> AIM OF THE TASK: Without its pictures, the listing below is to be transcribed exactly.
___ INFORMATION PROVIDED ___
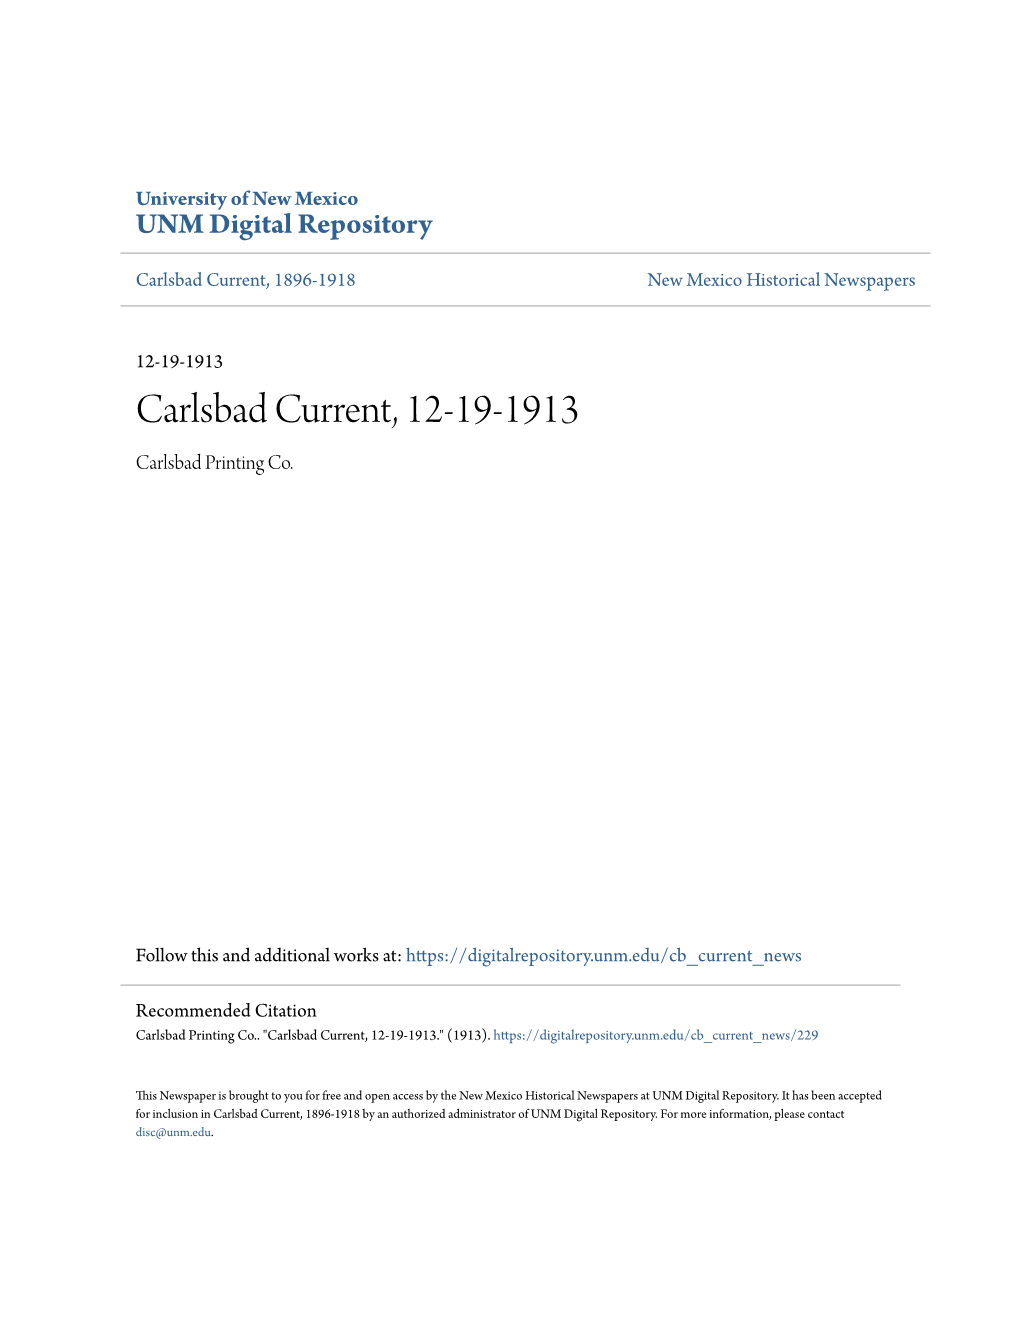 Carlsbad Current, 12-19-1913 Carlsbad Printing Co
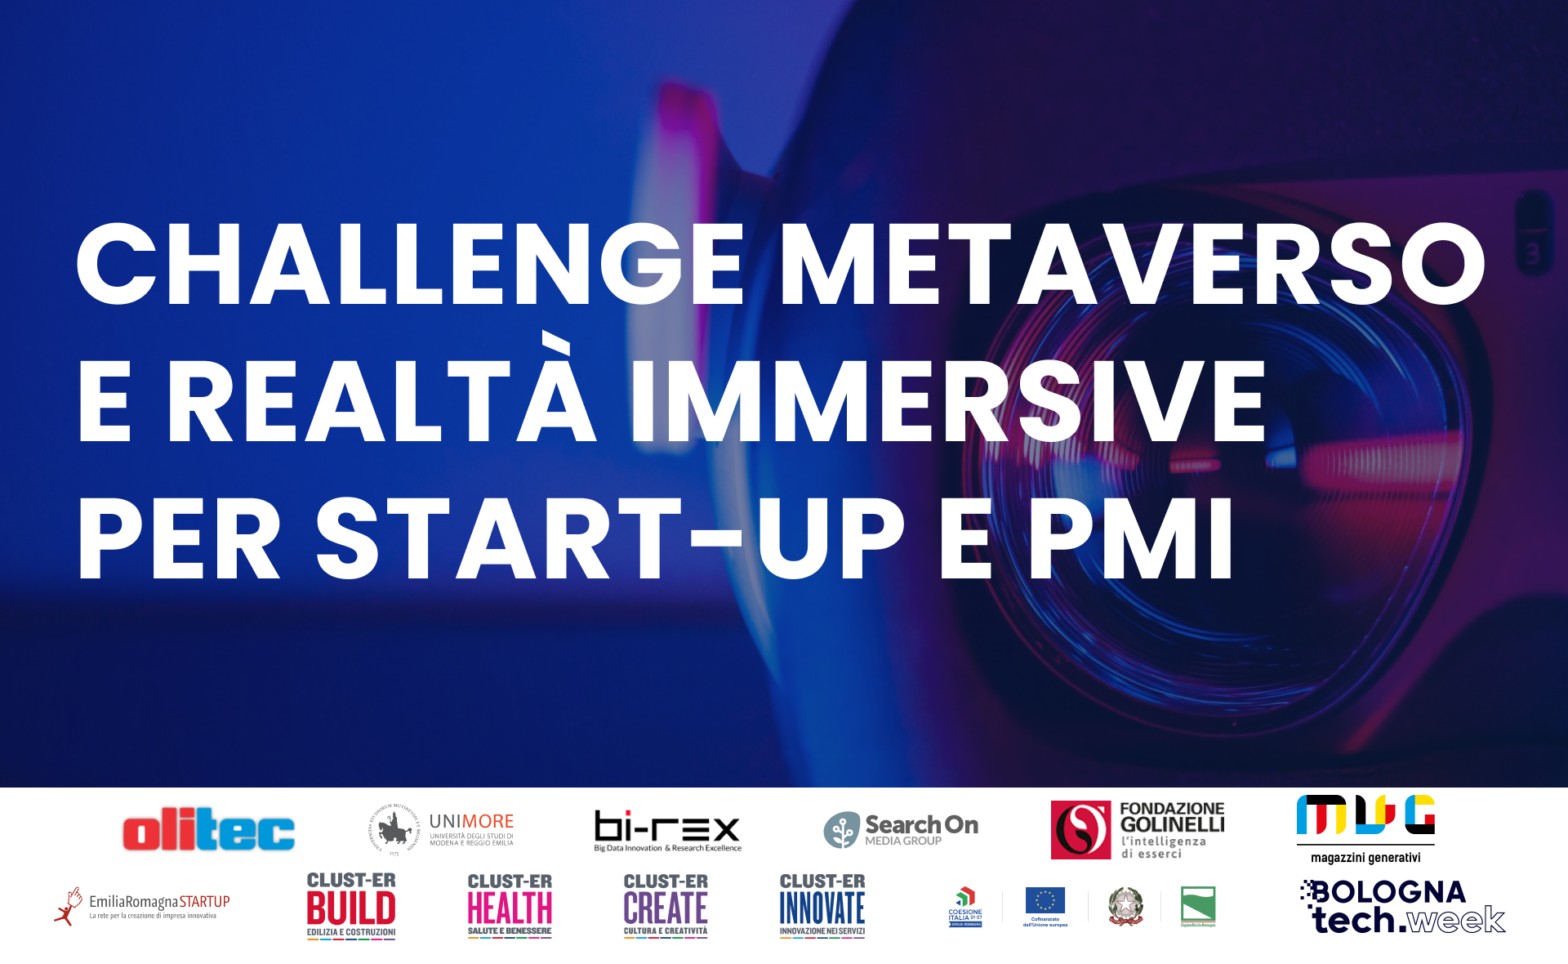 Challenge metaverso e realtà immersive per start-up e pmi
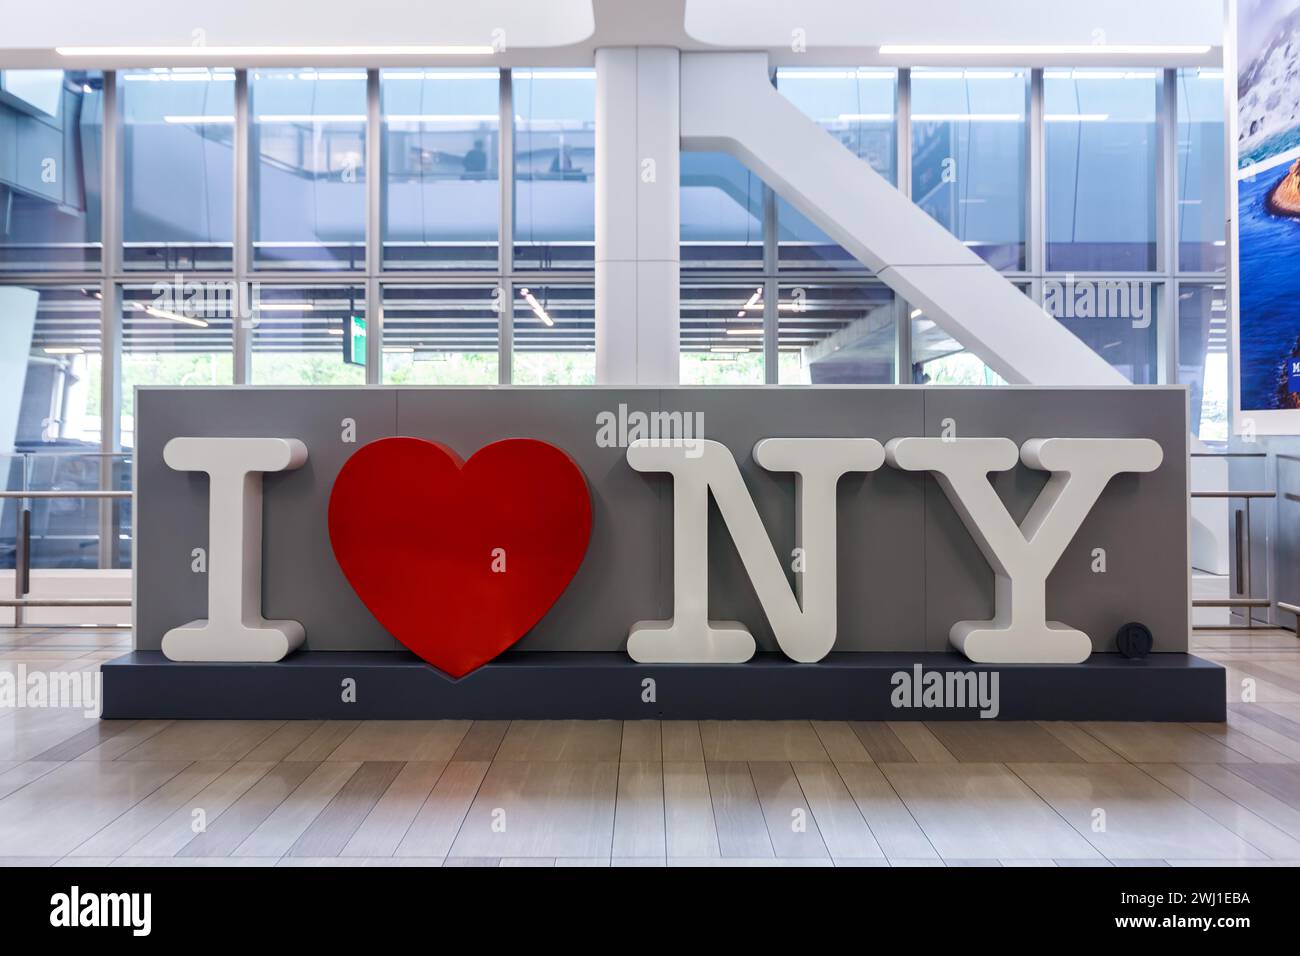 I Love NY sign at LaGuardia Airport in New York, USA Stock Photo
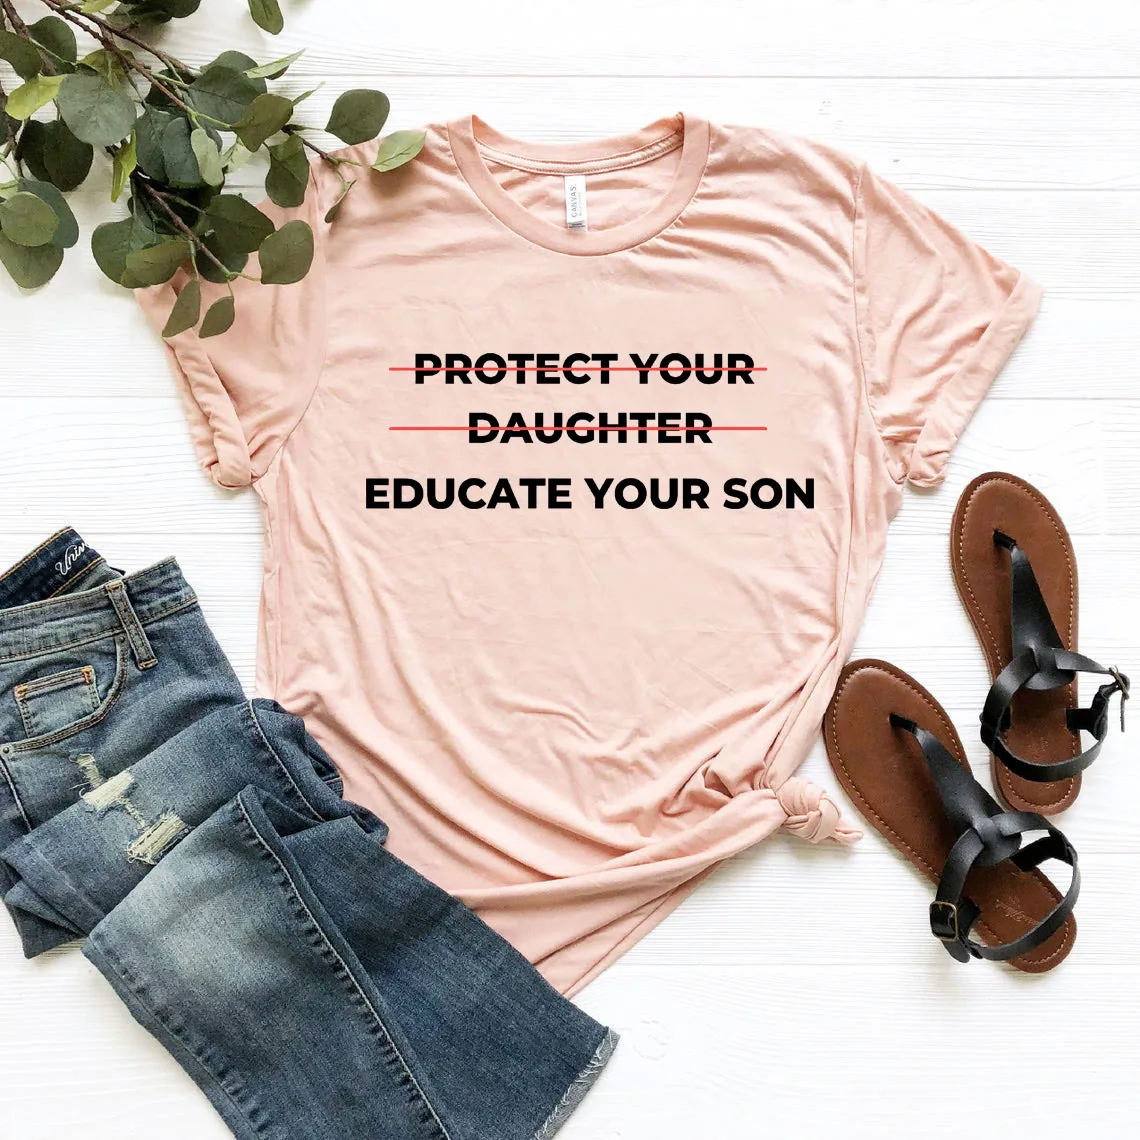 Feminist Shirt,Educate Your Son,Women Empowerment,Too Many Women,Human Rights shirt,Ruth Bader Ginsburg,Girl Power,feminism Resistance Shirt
___
> WRITTEN RESPONSE:
 Carlsbad Current, 12-19-1913 Carlsbad Printing Co
 Challenge metaverso e realtà immersive per start-up e pmi
 I Love NY sign at LaGuardia Airport in New York, USA Stock Photo
 Feminist Shirt,Educate Your Son,Women Empowerment,Too Many Women,Human Rights shirt,Ruth Bader Ginsburg,Girl Power,feminism Resistance Shirt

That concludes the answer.